Task brief:
Omit any pictures, and restate word for word only the lines from the one with "Enzo Angiolini Black" through the end of the data below.

#### Material provided ####

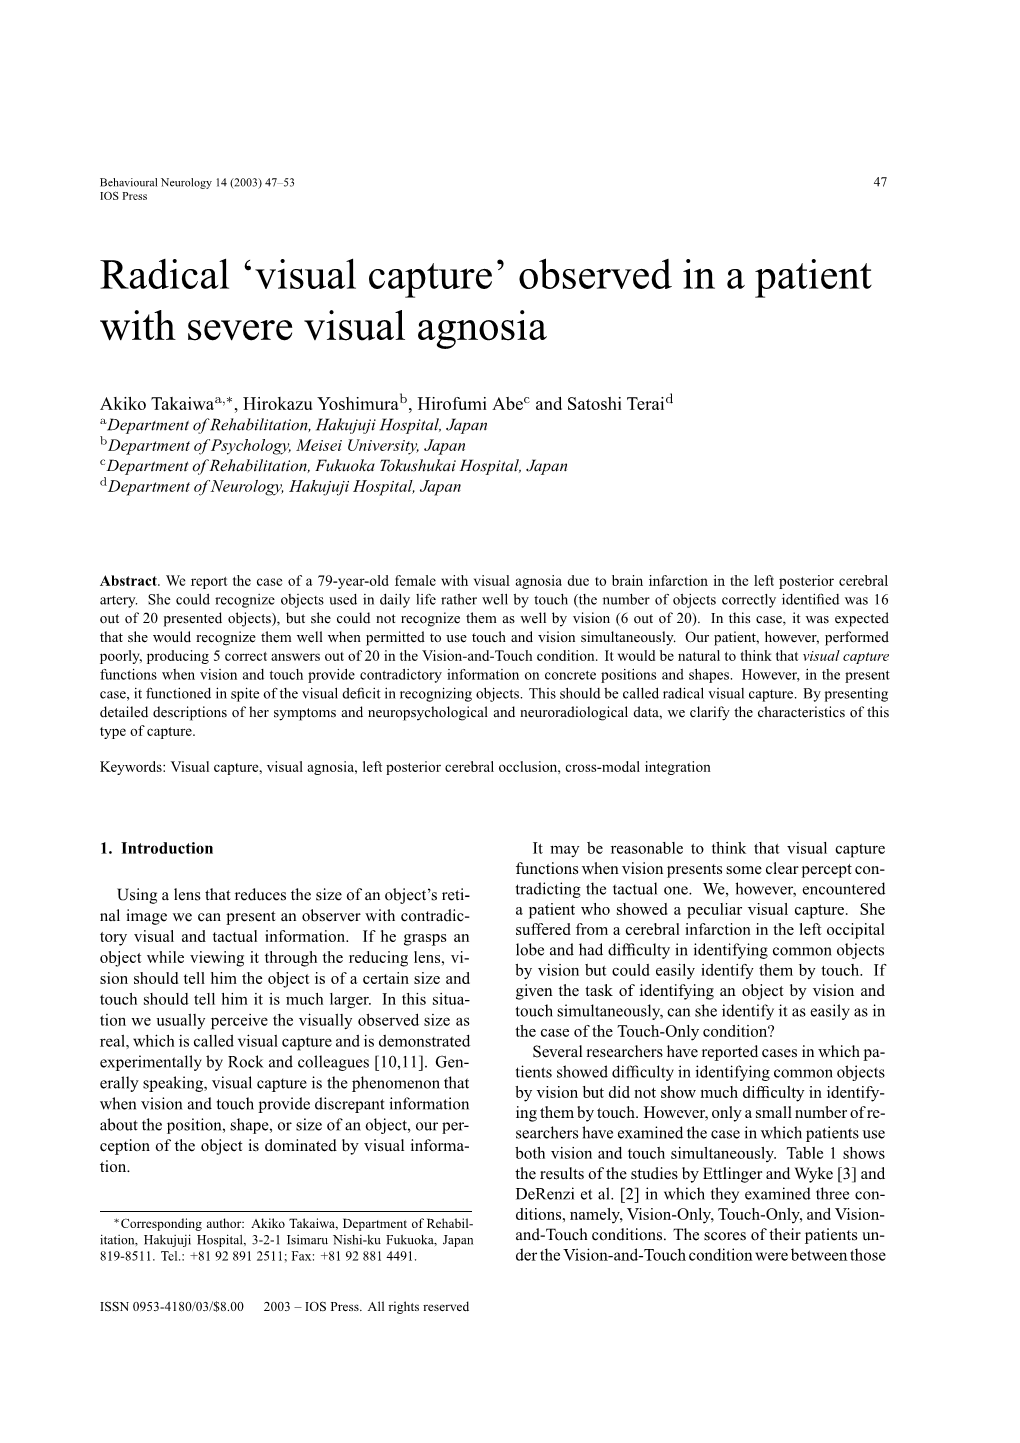 Radical 'Visual Capture' Observed in a Patient with Severe Visual Agnosia
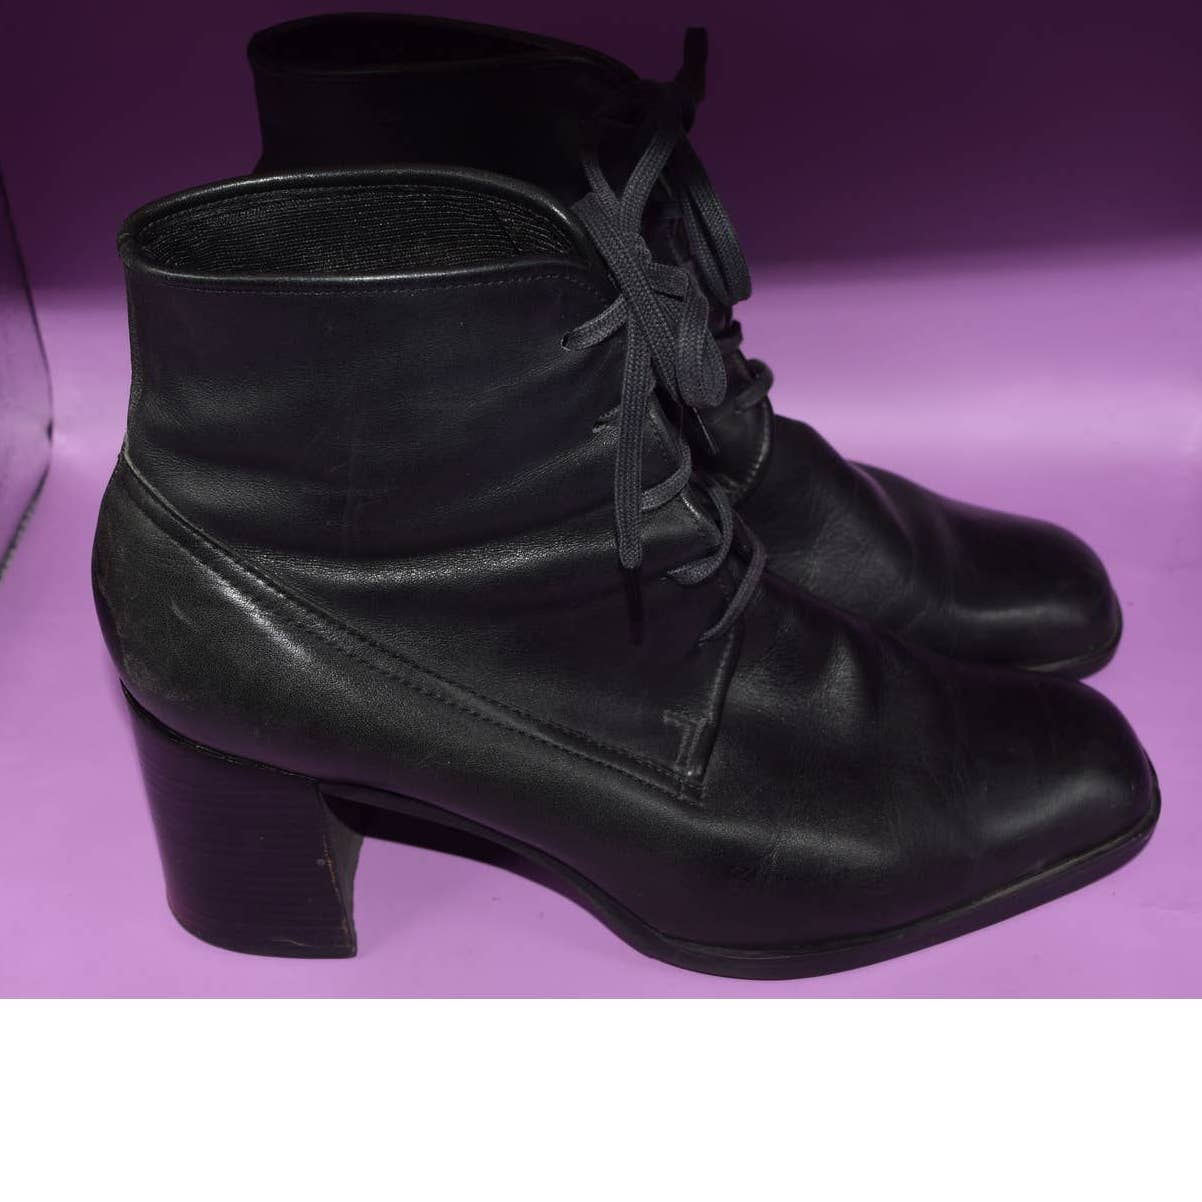 Enzo Angiolini Black Lace Up Ankle Boots - 8.5 M
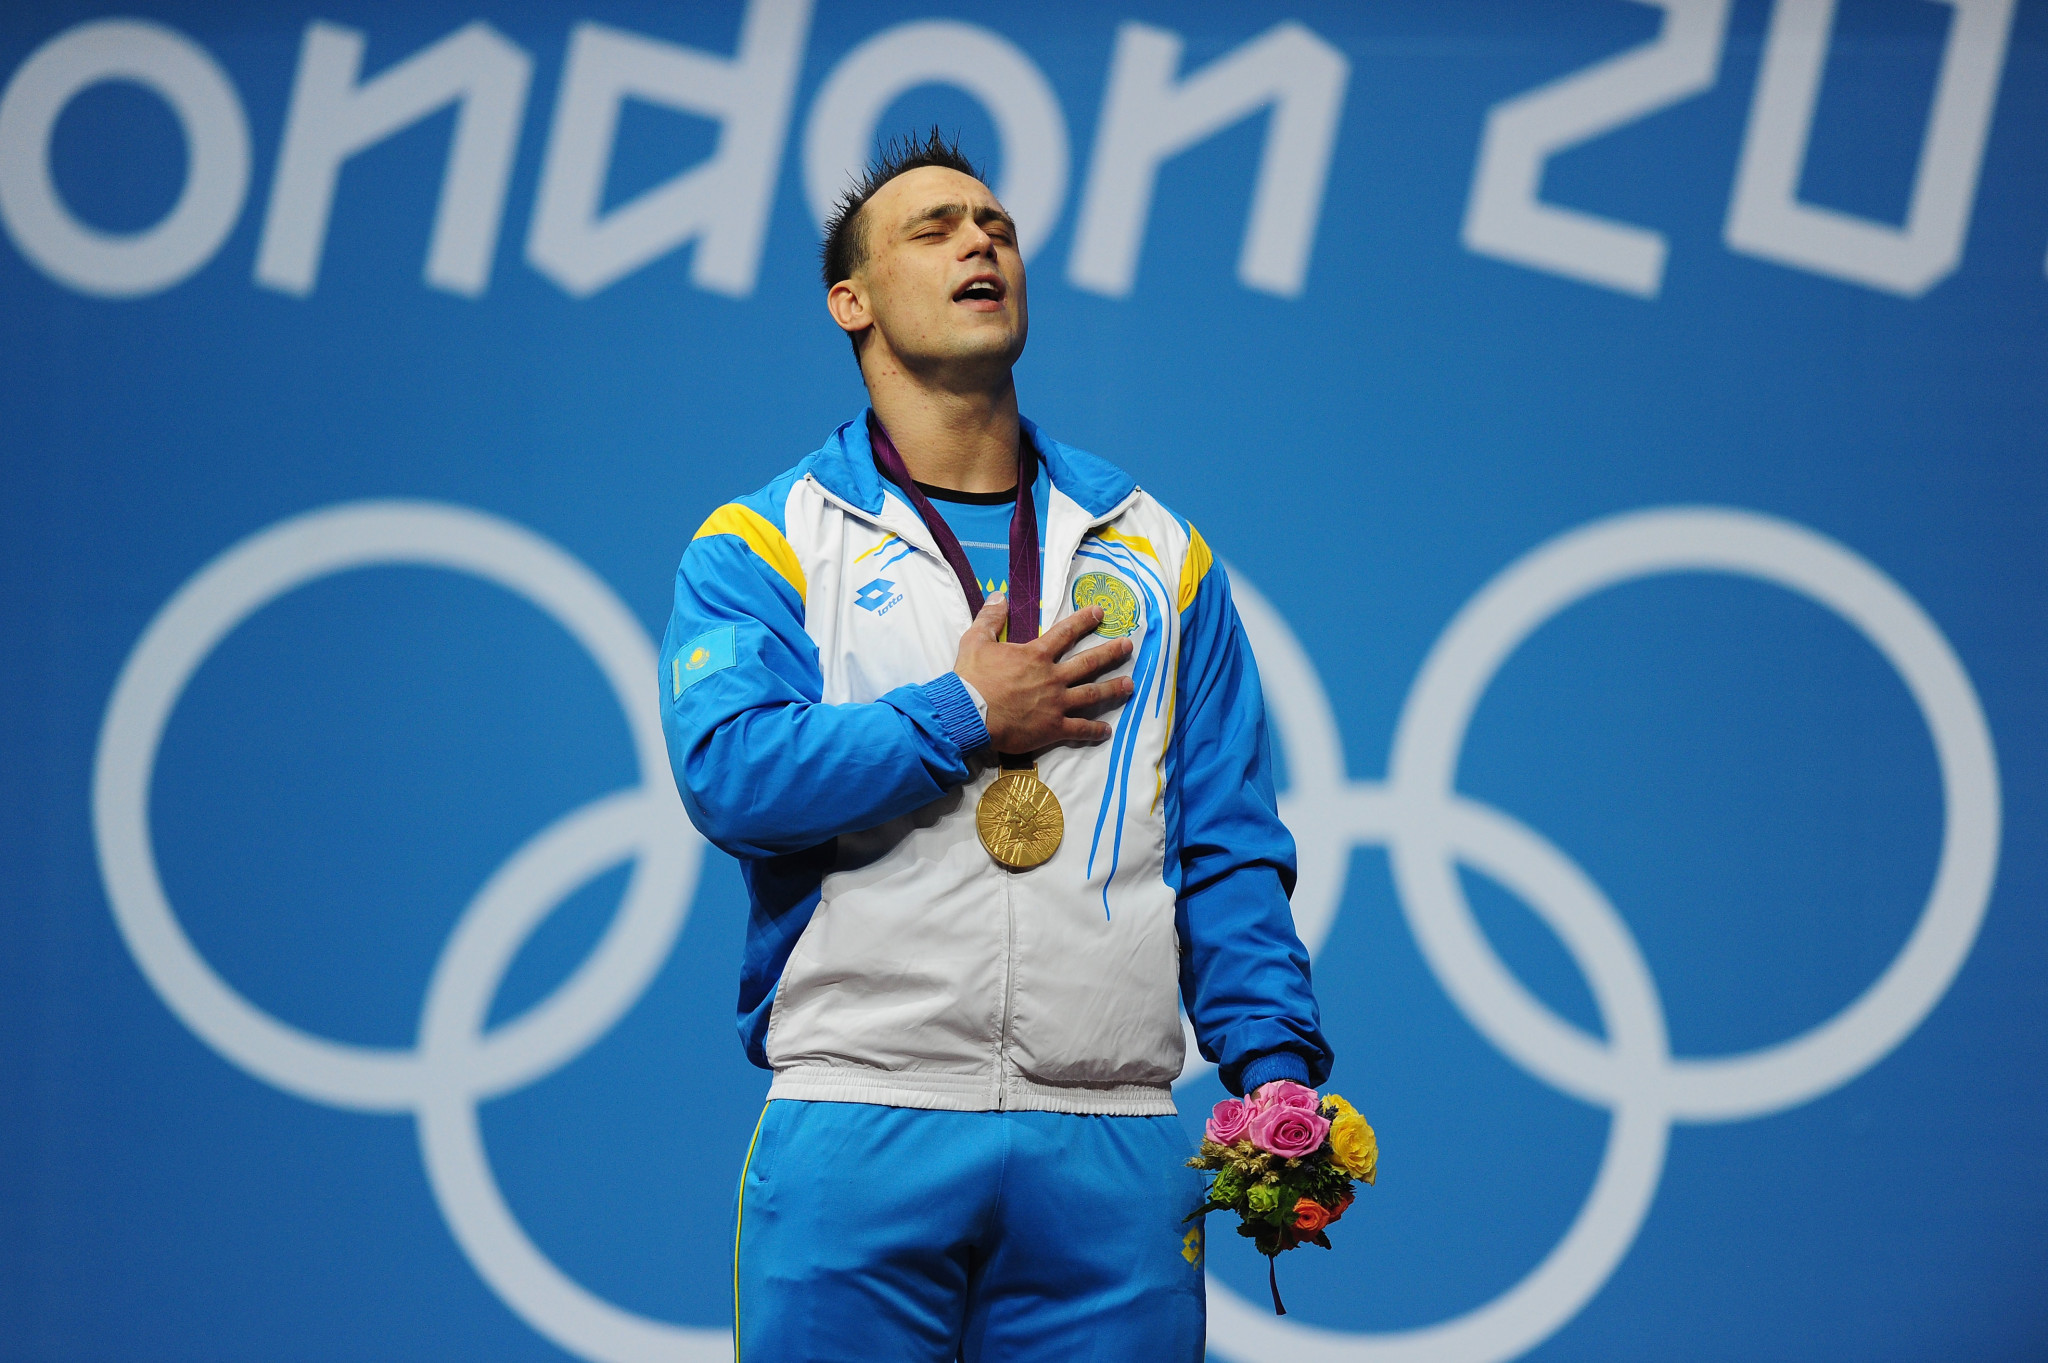 Doubly disqualified weightlifter Ilyin takes first step towards Tokyo 2020 with winning return 
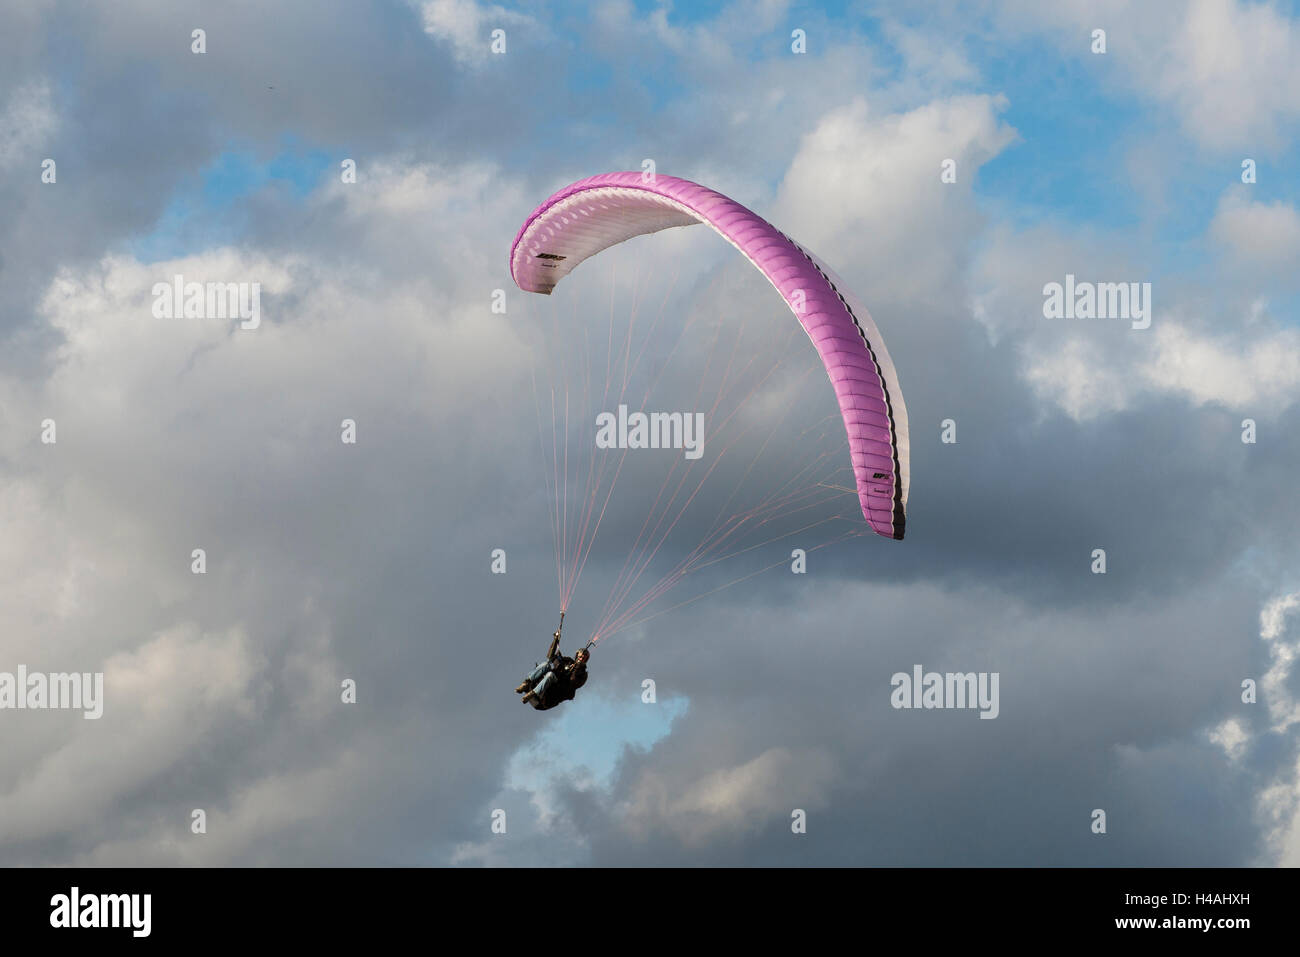 Paraglider, Paragliding, Andalusia, aviation, Algodonales, Olvera, clouds, aerial picture, aviation, province of Cadiz, Spain Stock Photo

####

Response to this task:
 Enzo Angiolini Black Lace Up Ankle Boots - 8.5 M
 Doubly disqualified weightlifter Ilyin takes first step towards Tokyo 2020 with winning return 
 Paraglider, Paragliding, Andalusia, aviation, Algodonales, Olvera, clouds, aerial picture, aviation, province of Cadiz, Spain Stock Photo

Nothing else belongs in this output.